### [Exercise data]
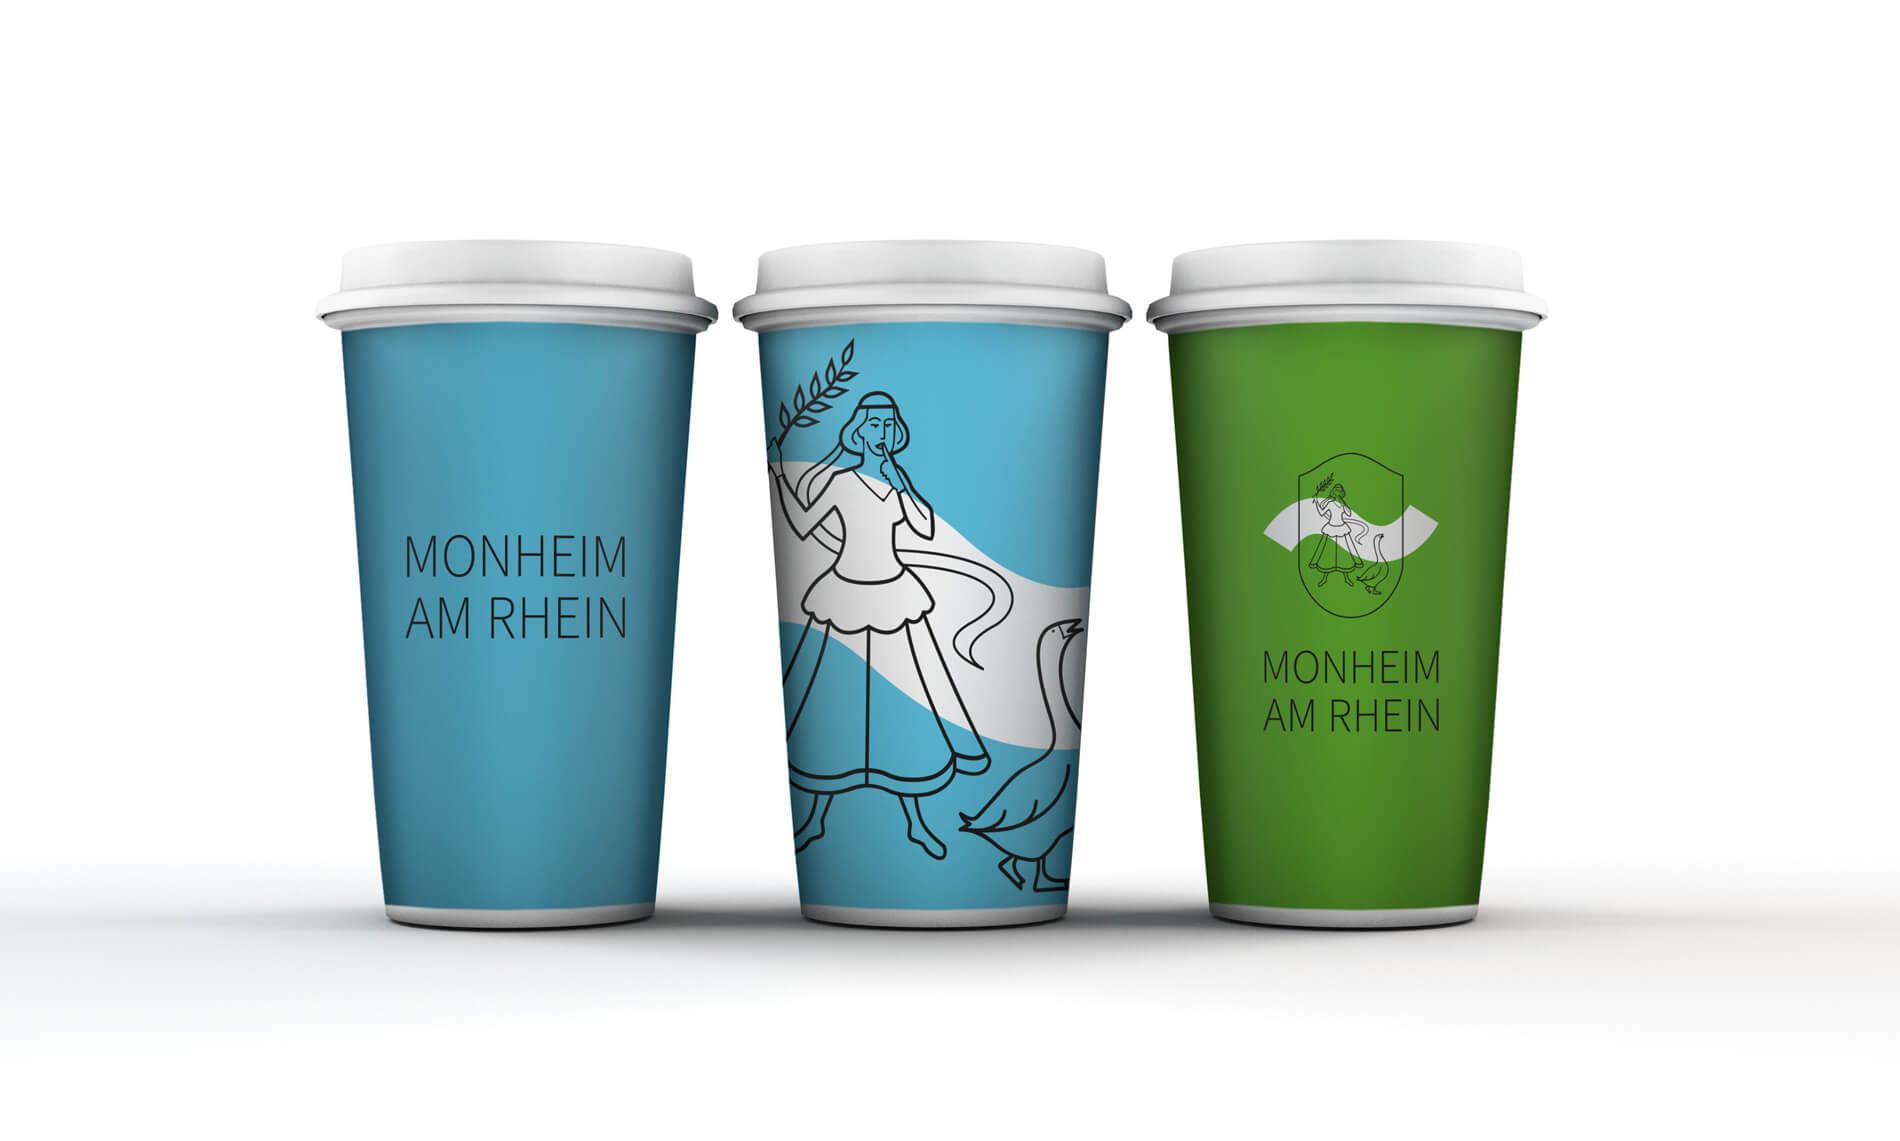 Monheim am Rhein Werbemittel Coffee to go Becher blau und grün
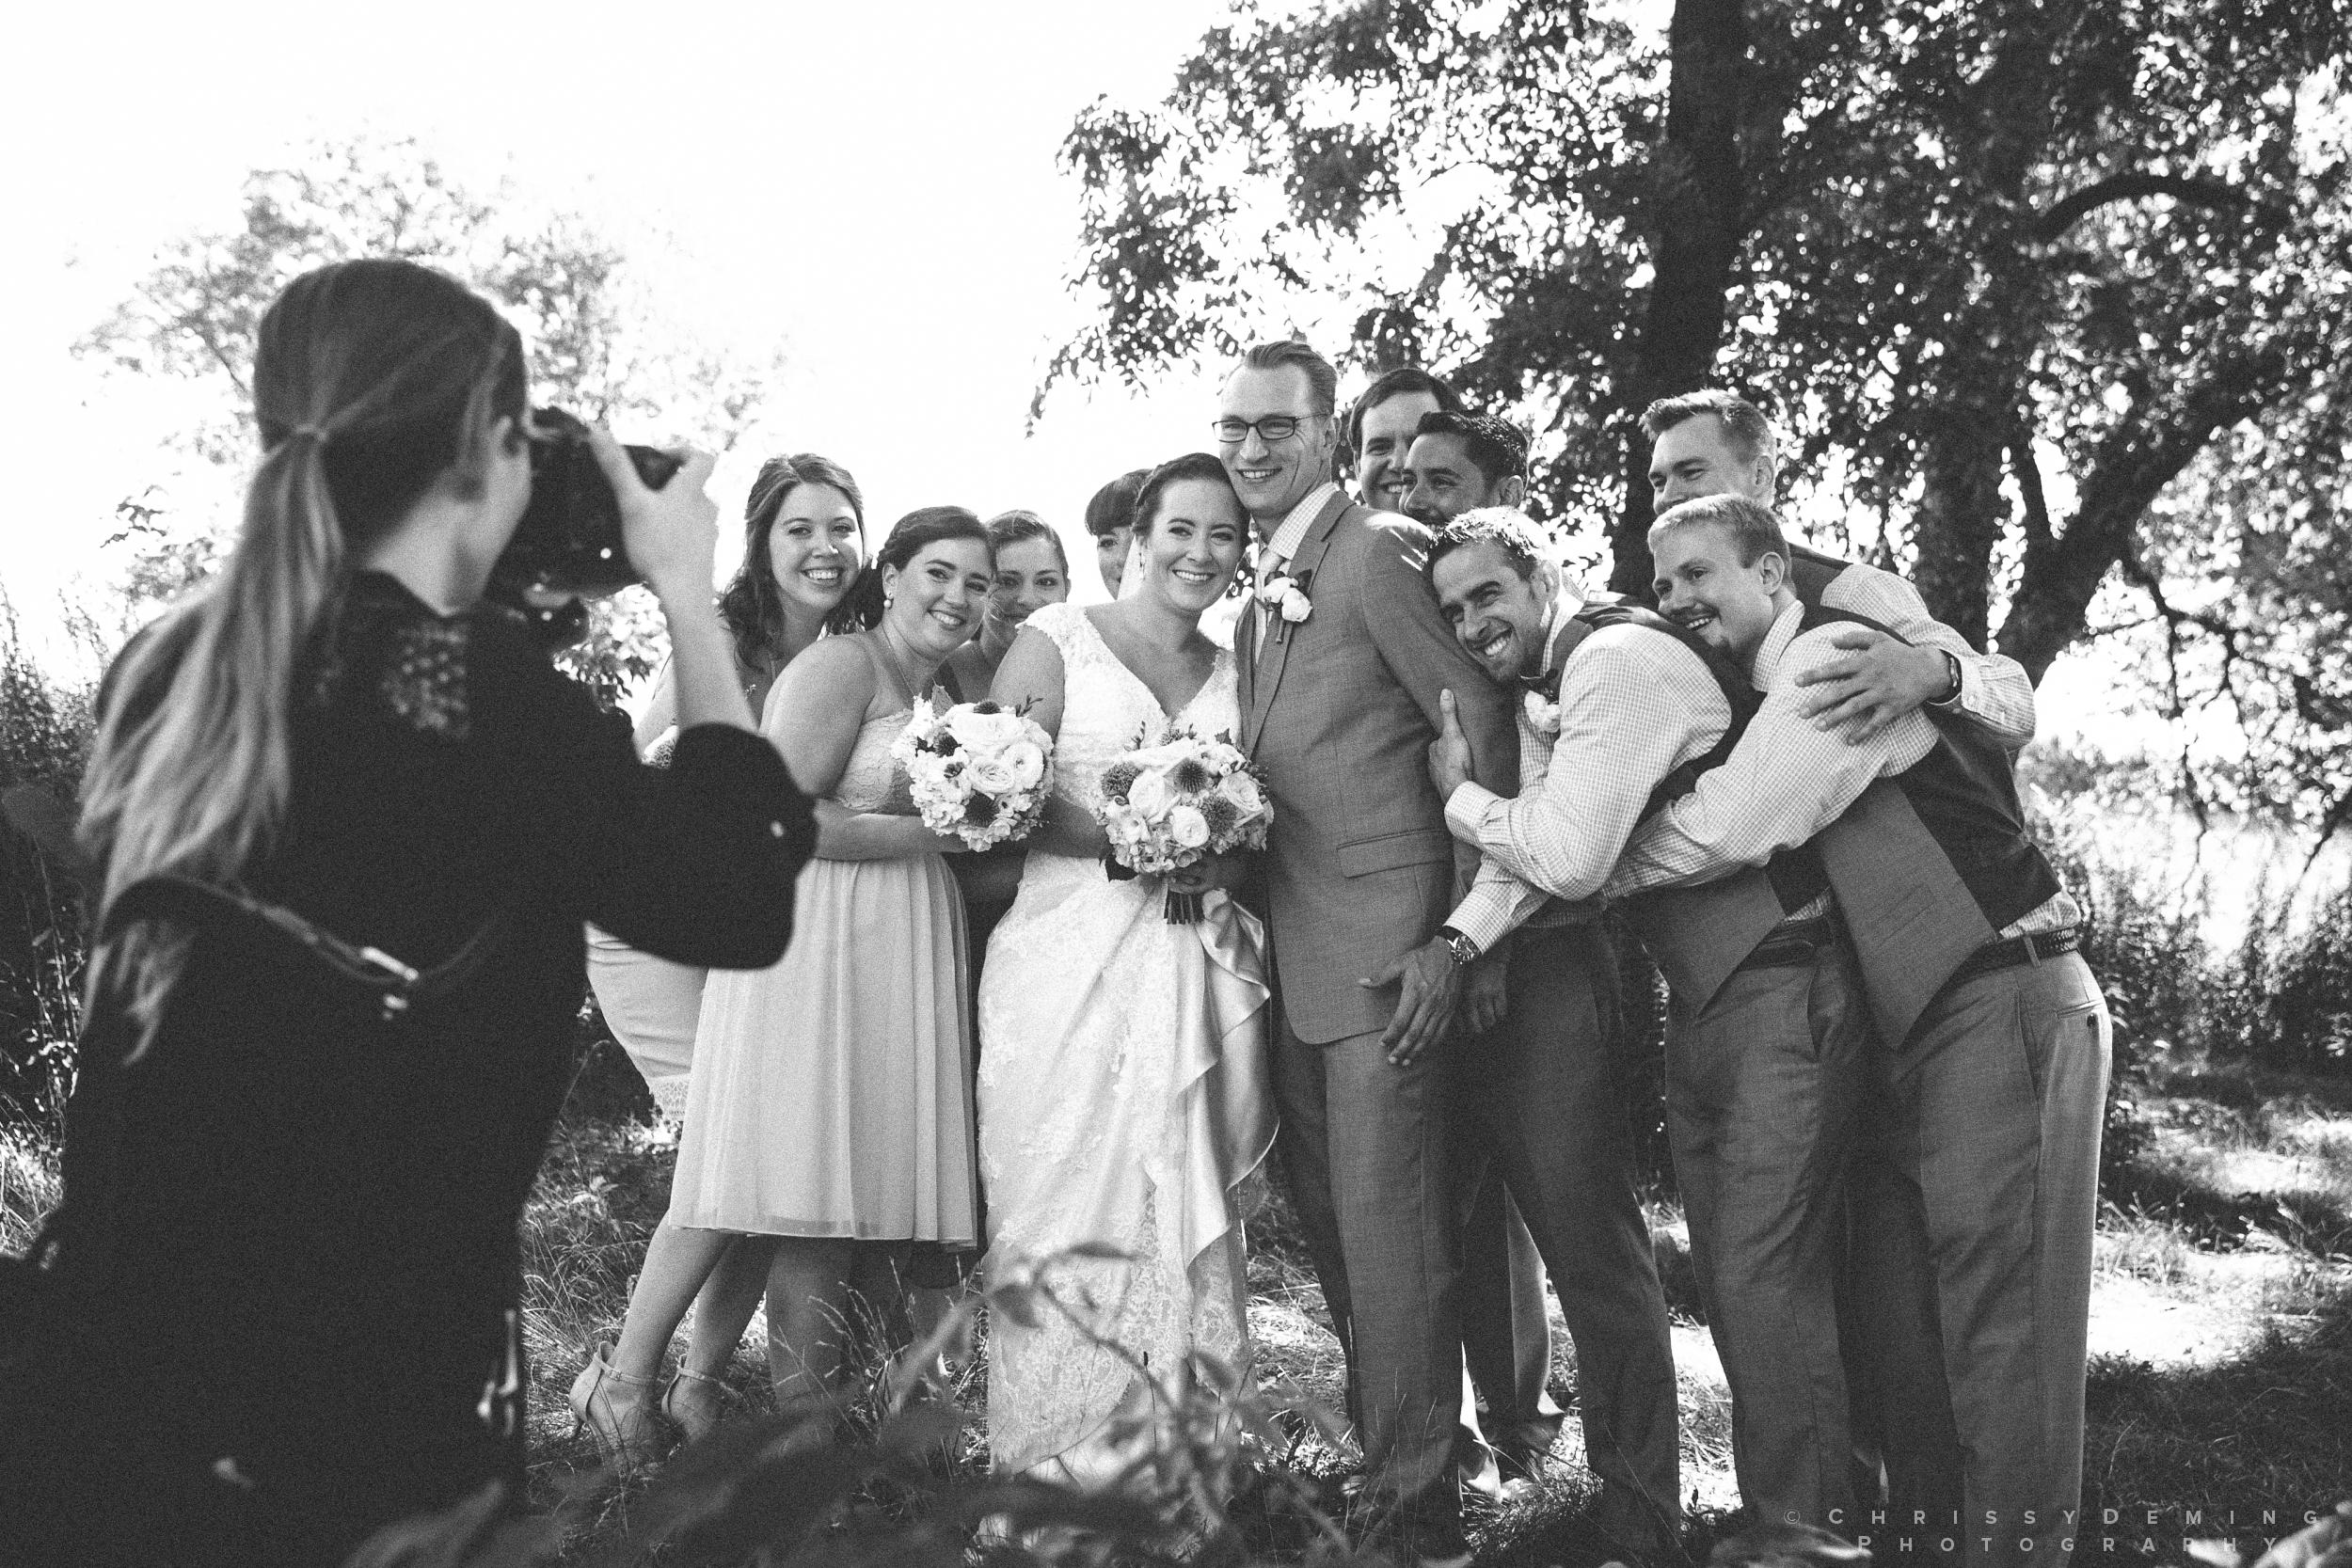 salvatores_chicago_ wedding_photographer_0004.jpg
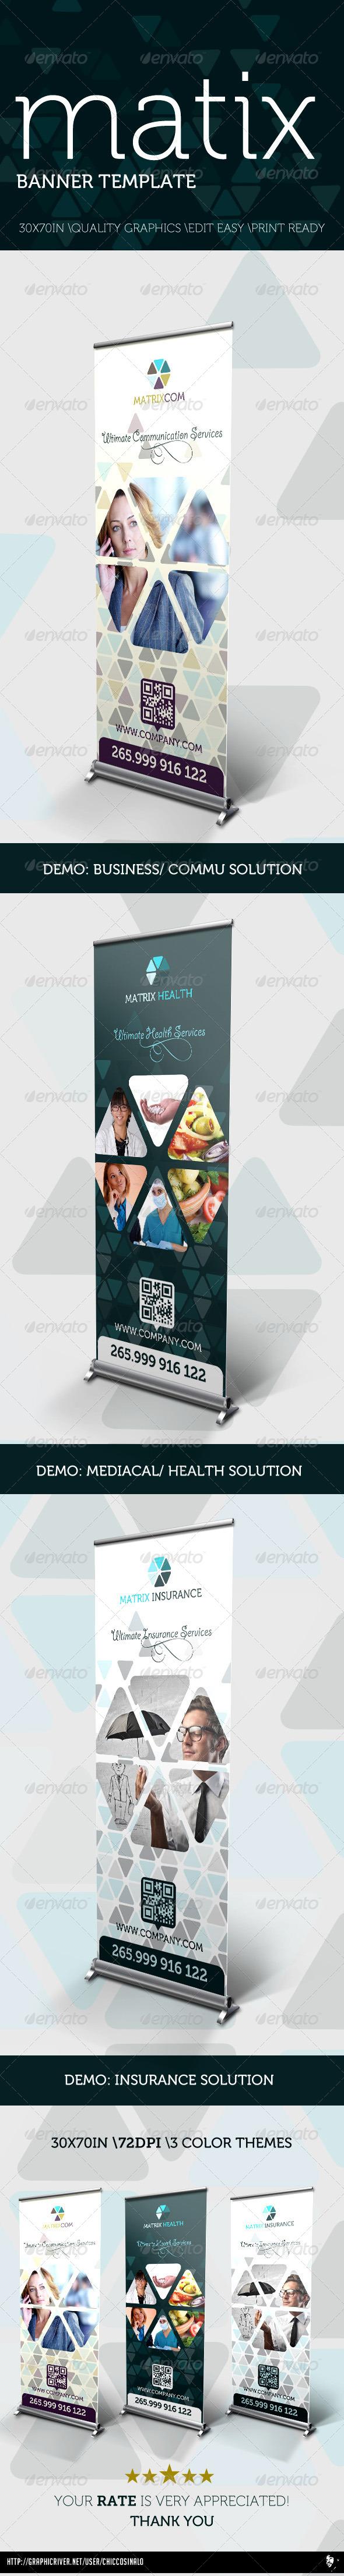 Matrix Banner Template
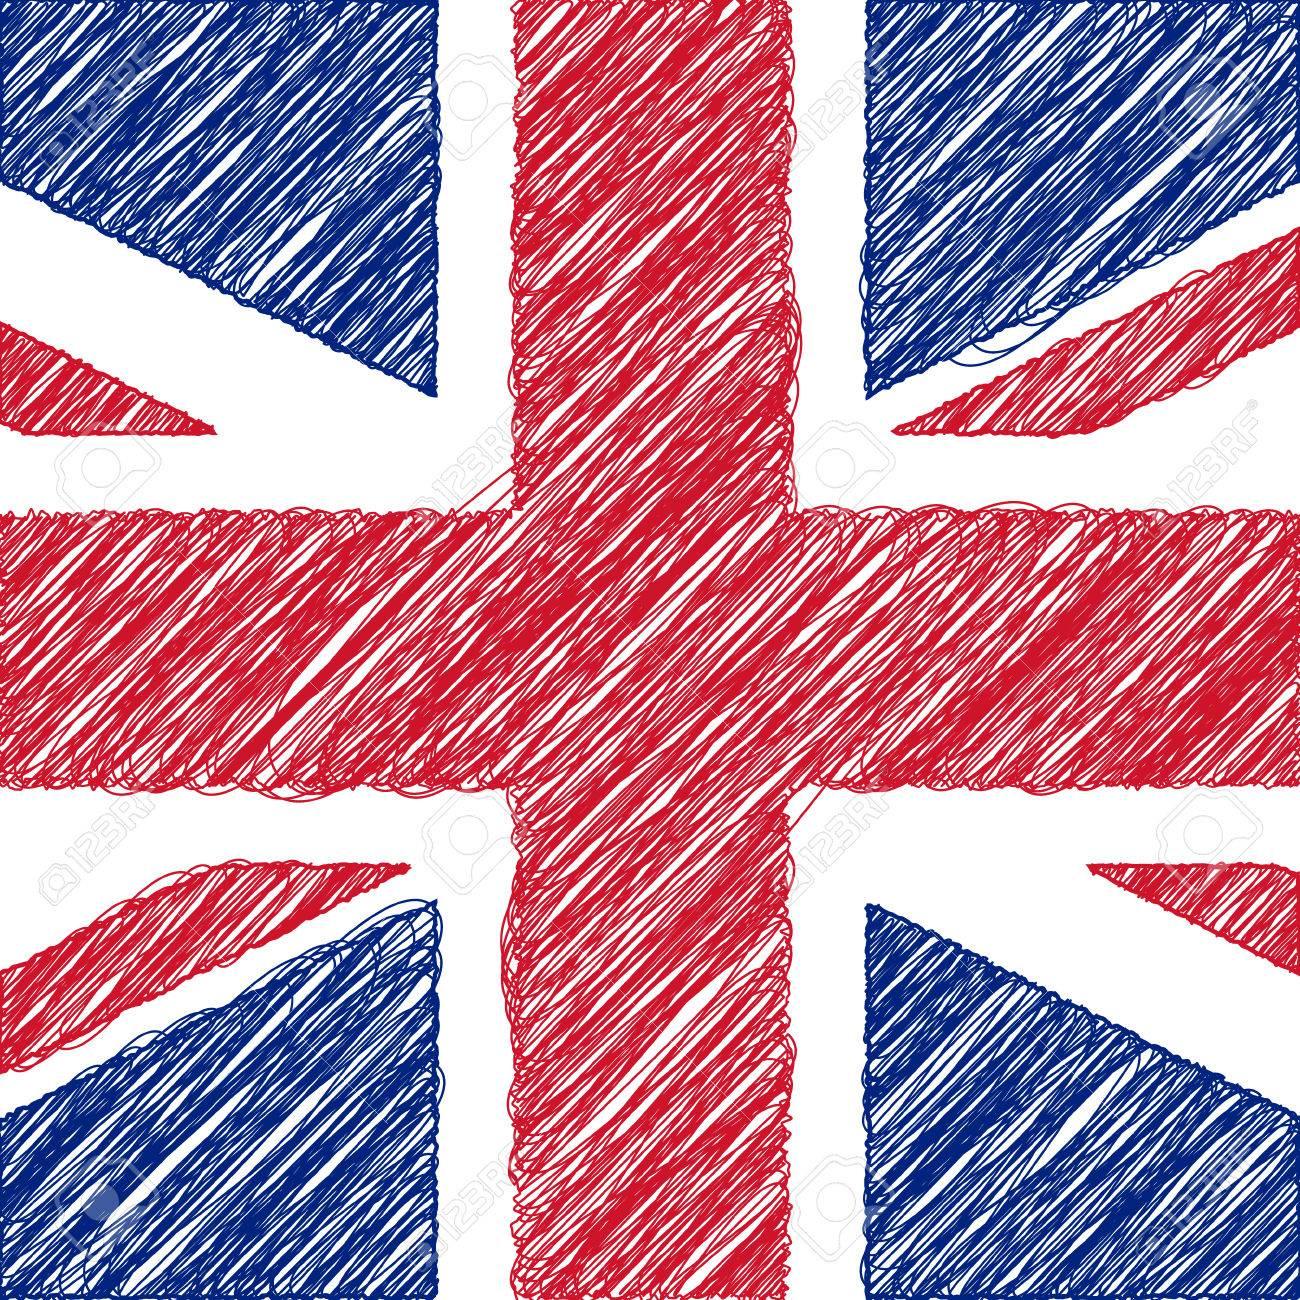 Bandera De Reino Unido Lápiz De Dibujo Ilustración Vectorial

### [Instructions to follow]
Beginning at the line that contains "salvatores_chicago_ wedding_photographer_0004.jpg", transcribe it and every later line through the last line of the data above, exactly, and drop the pictures.

### [Answer area]
 salvatores_chicago_ wedding_photographer_0004.jpg
 Matrix Banner Template
 Bandera De Reino Unido Lápiz De Dibujo Ilustración Vectorial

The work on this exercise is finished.